By definition, anything in internal_inventory MUST have exec_count == 0 (otherwise it would be dormant_authority).

So the question becomes: Are there ANY flows in the full 92-entity dataset with execution_count_30d > 0?

INTEGRATOR Action Items:

  1. Run connector with debug logging: confirm execution data collection was attempted for all flows
  2. Check sys_flow_context table permissions: can the OAuth integration read it?
  3. Manually query sys_flow_context in ServiceNow for 2-3 sample flows: confirm 0 records exist
  4. Check for flows in dormant_authority or active_external with execution_count_30d > 0 → proves collection works

Expected Outcome:

  • If collection works: some flows should have exec_count > 0
  • If all 92 entities have exec_count=0: connector bug or permissions issue

6.2 Question: Can Execution Data Collection Be Improved?

Current Limitations:

Automation TypeExecution Log TableDeterministic Join?Supported?
Flow Designer Flowsys_flow_contextYes (flow reference)✅ Yes
Scheduled Jobsys_triggerYes (document reference)✅ Yes
Business Rule❌ NoneN/A❌ No
System Execution (Script Include)❌ NoneN/A❌ No

Potential ServiceNow APIs to Explore:

  1. syslog Table (sys_log)

    • Generic execution log for scripts, business rules, scheduled jobs
    • Contains: timestamp, source (script name), message, level
    • Join: fuzzy match on source field (not deterministic)
    • Risk: high false positive rate, noise from unrelated logs
  2. System Execution Tracker (sys_execution_tracker)

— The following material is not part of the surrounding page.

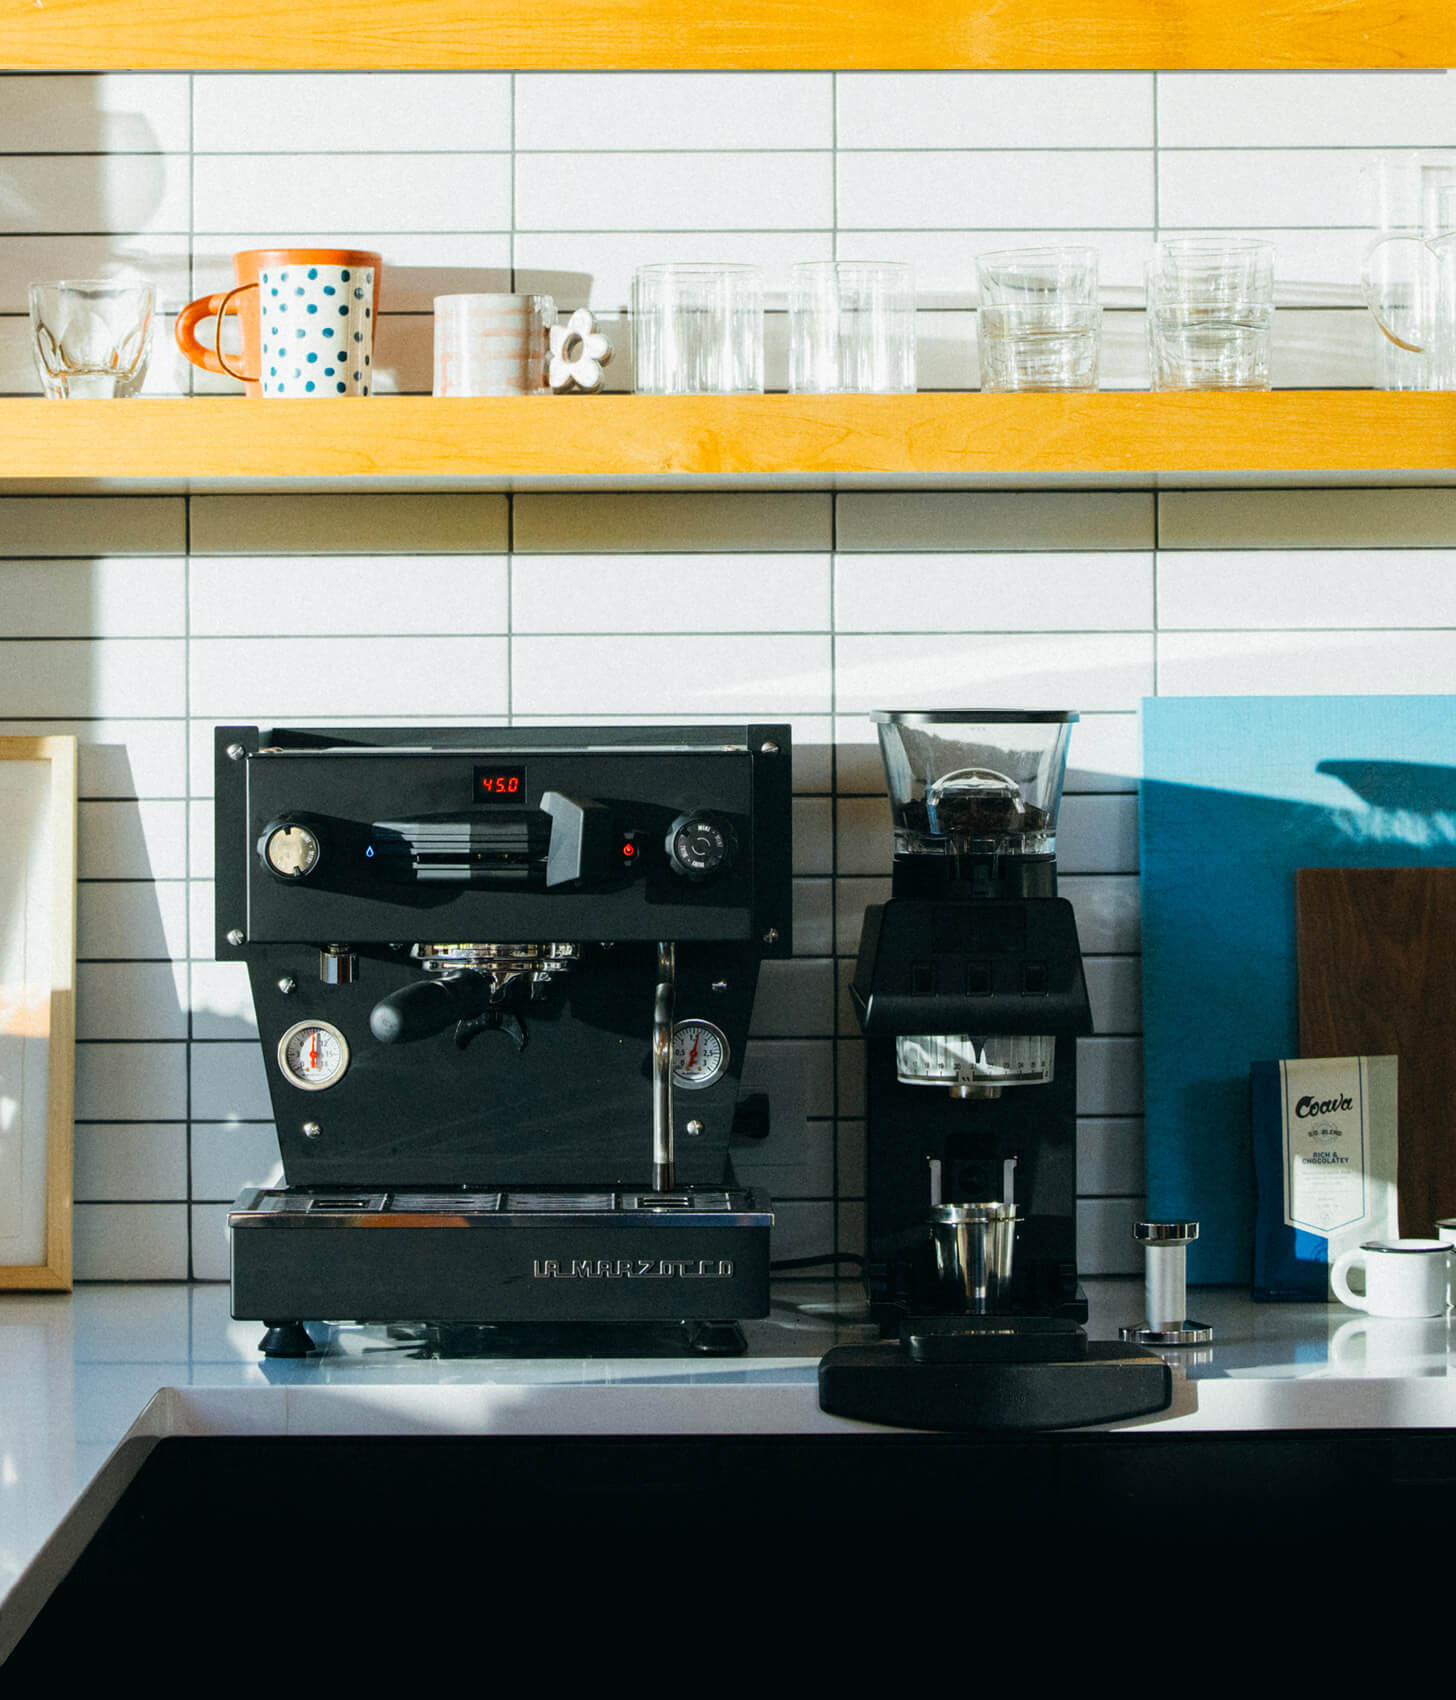 Black La Marzocco Linea Mini R espresso machine and black Pico coffee grinder on a white countertop and yellow shelves

    • Tracks long-running jobs and async operations
    • May contain business rule executions if they take >N seconds
    • Join: source_table + source field
    • Risk: only captures slow executions, not representative
  3. Table History (sys_audit)

    • Tracks record changes (insert, update, delete)
    • Business rules execute on these events
    • Indirect signal: if sys_audit shows record changes on tables that have business_rule triggers, infer execution
    • Risk: correlation, not causation
  4. Flow Designer Execution Context (sys_hub_action_instance)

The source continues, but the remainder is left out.